**What is needed:** Repeat exactly the lines below, from the line containing "PH-BGR, 2011 Boeing" through the last line, both included. Leave out any pictures.
Start of Provided material
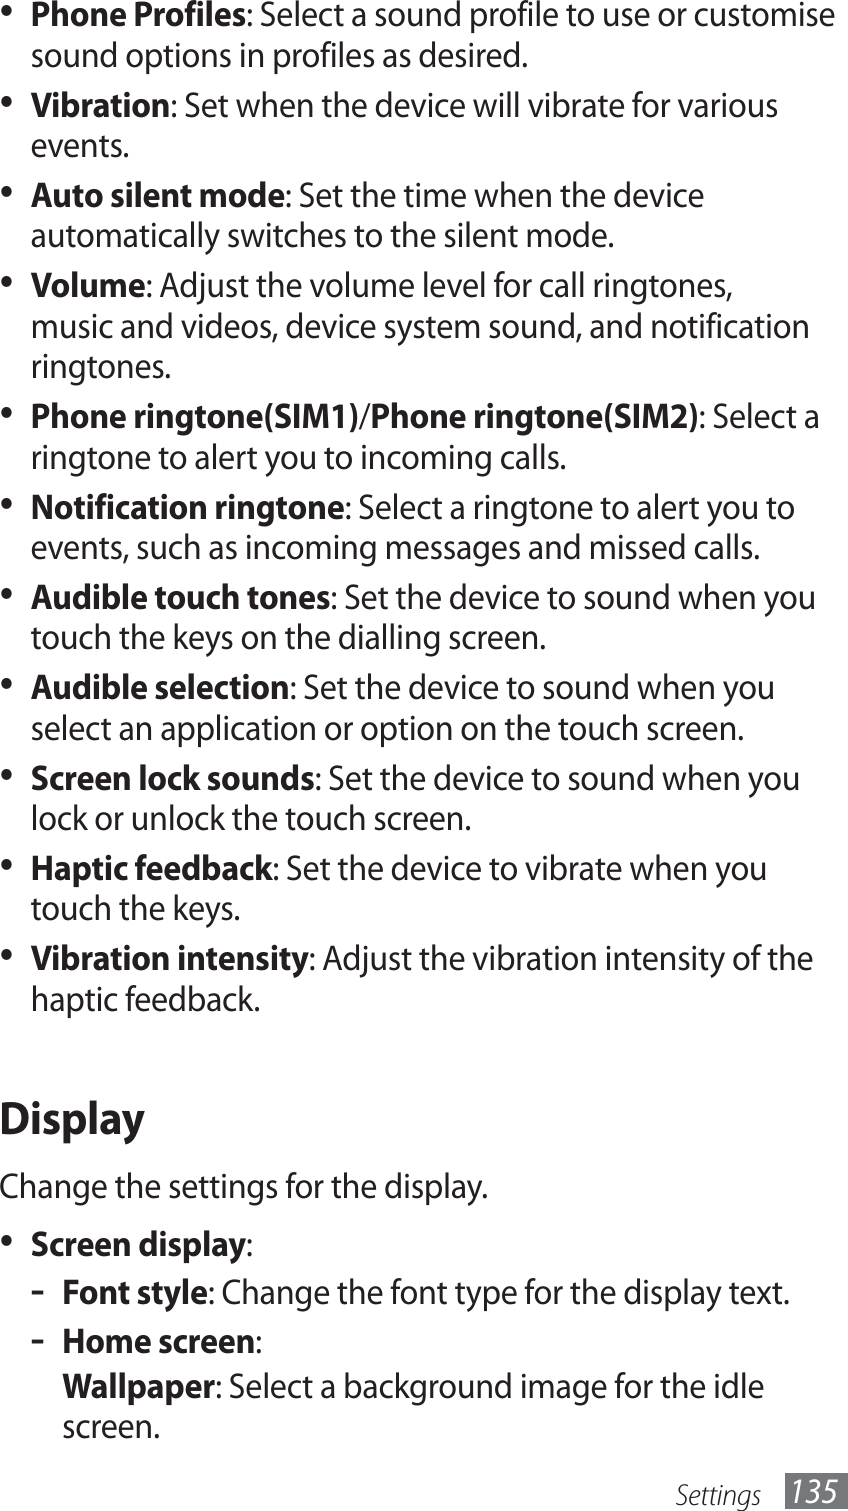 Settings 135Phone Profiles•  : Select a sound profile to use or customise sound options in profiles as desired.Vibration•  : Set when the device will vibrate for various events.Auto silent mode•  : Set the time when the device automatically switches to the silent mode.Volume•  : Adjust the volume level for call ringtones, music and videos, device system sound, and notification ringtones.Phone ringtone(SIM1)•  /Phone ringtone(SIM2): Select a ringtone to alert you to incoming calls.Notification ringtone•  : Select a ringtone to alert you to events, such as incoming messages and missed calls.Audible touch tones•  : Set the device to sound when you touch the keys on the dialling screen.Audible selection•  : Set the device to sound when you select an application or option on the touch screen.Screen lock sounds•  : Set the device to sound when you lock or unlock the touch screen.Haptic feedback•  : Set the device to vibrate when you touch the keys.Vibration intensity•  : Adjust the vibration intensity of the haptic feedback.DisplayChange the settings for the display.Screen display•  :Font style - : Change the font type for the display text.Home screen - :Wallpaper: Select a background image for the idle screen.
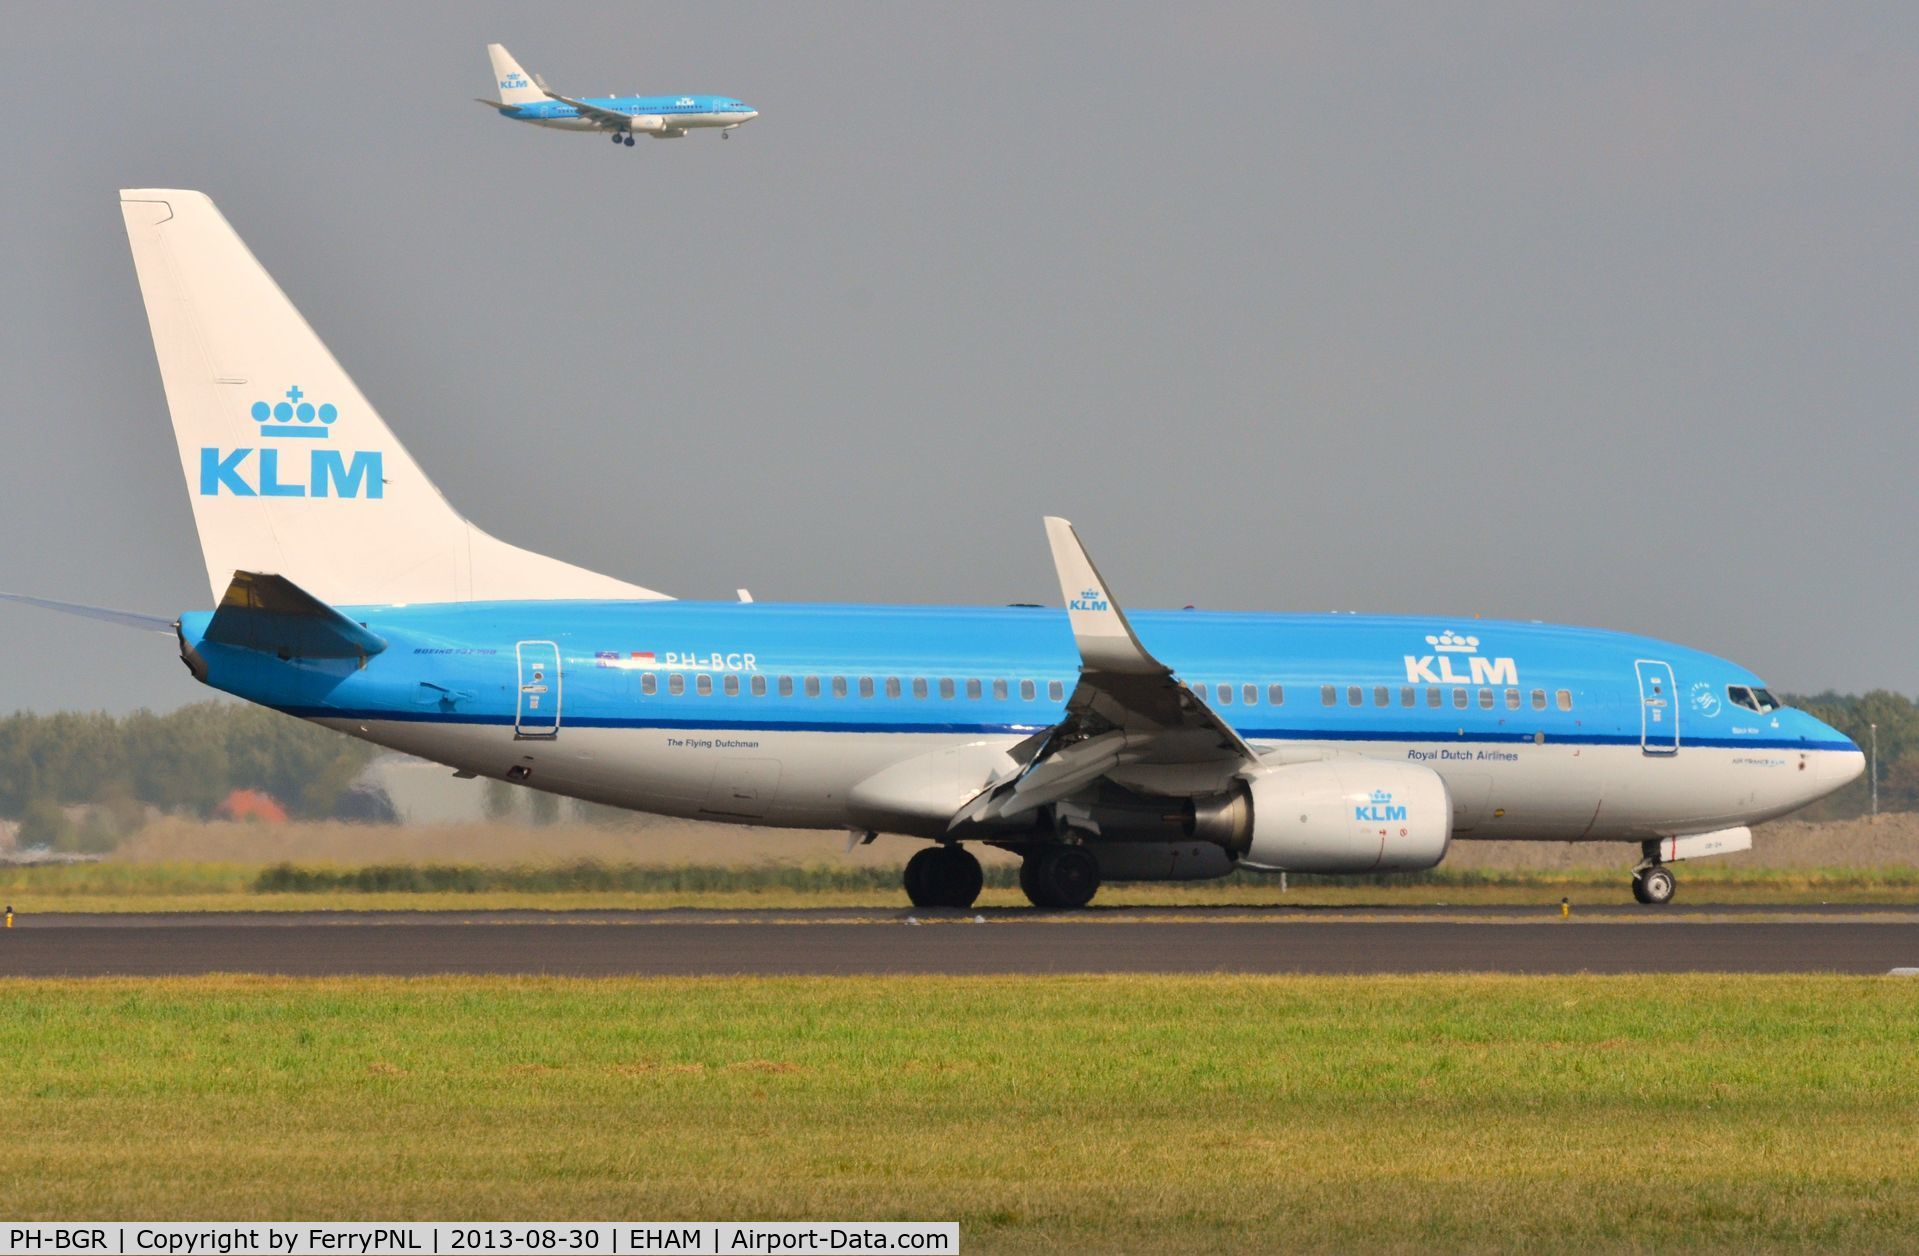 PH-BGR, 2011 Boeing 737-7K2 C/N 39446, KLM B737 just arrived while her sister ship is about to.
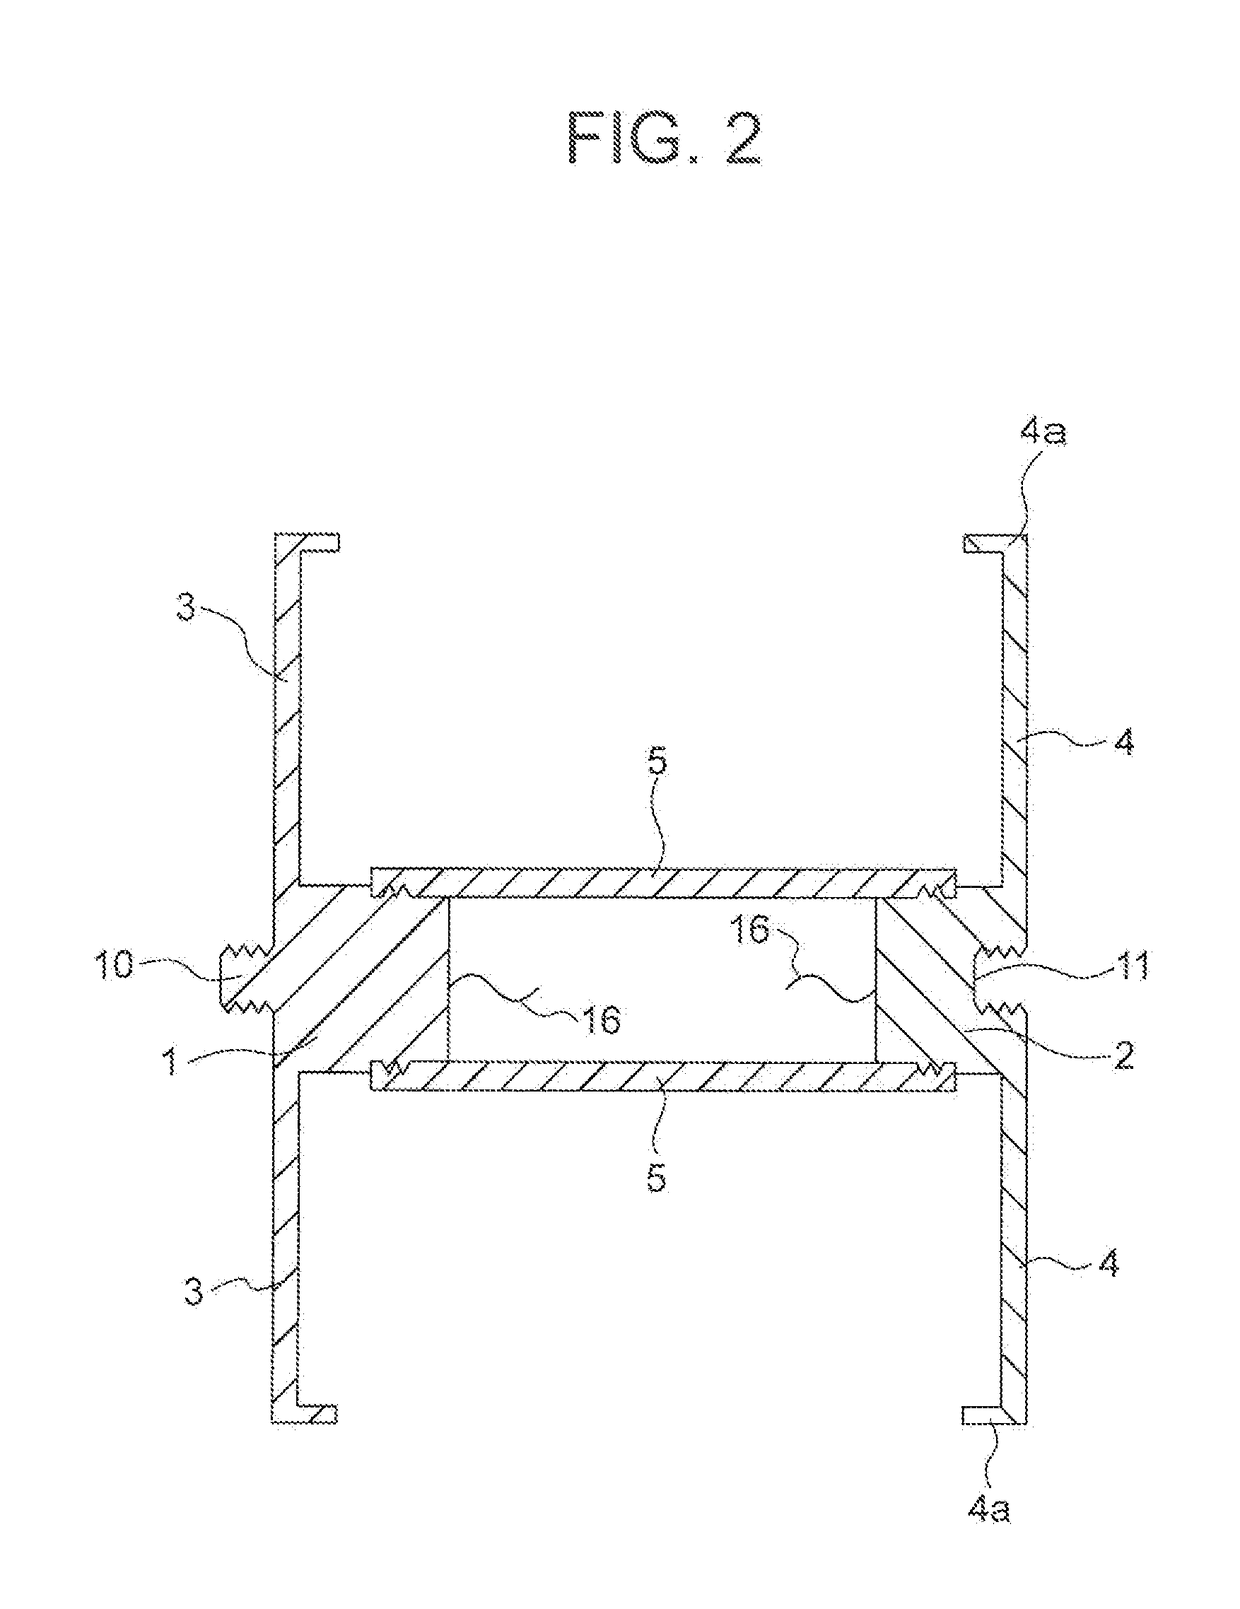 Non-aqueous electrolyte secondary battery cell and assembled battery using same
End of Provided material
**Solution for this problem:**
 PH-BGR, 2011 Boeing 737-7K2 C/N 39446, KLM B737 just arrived while her sister ship is about to.
 Non-aqueous electrolyte secondary battery cell and assembled battery using same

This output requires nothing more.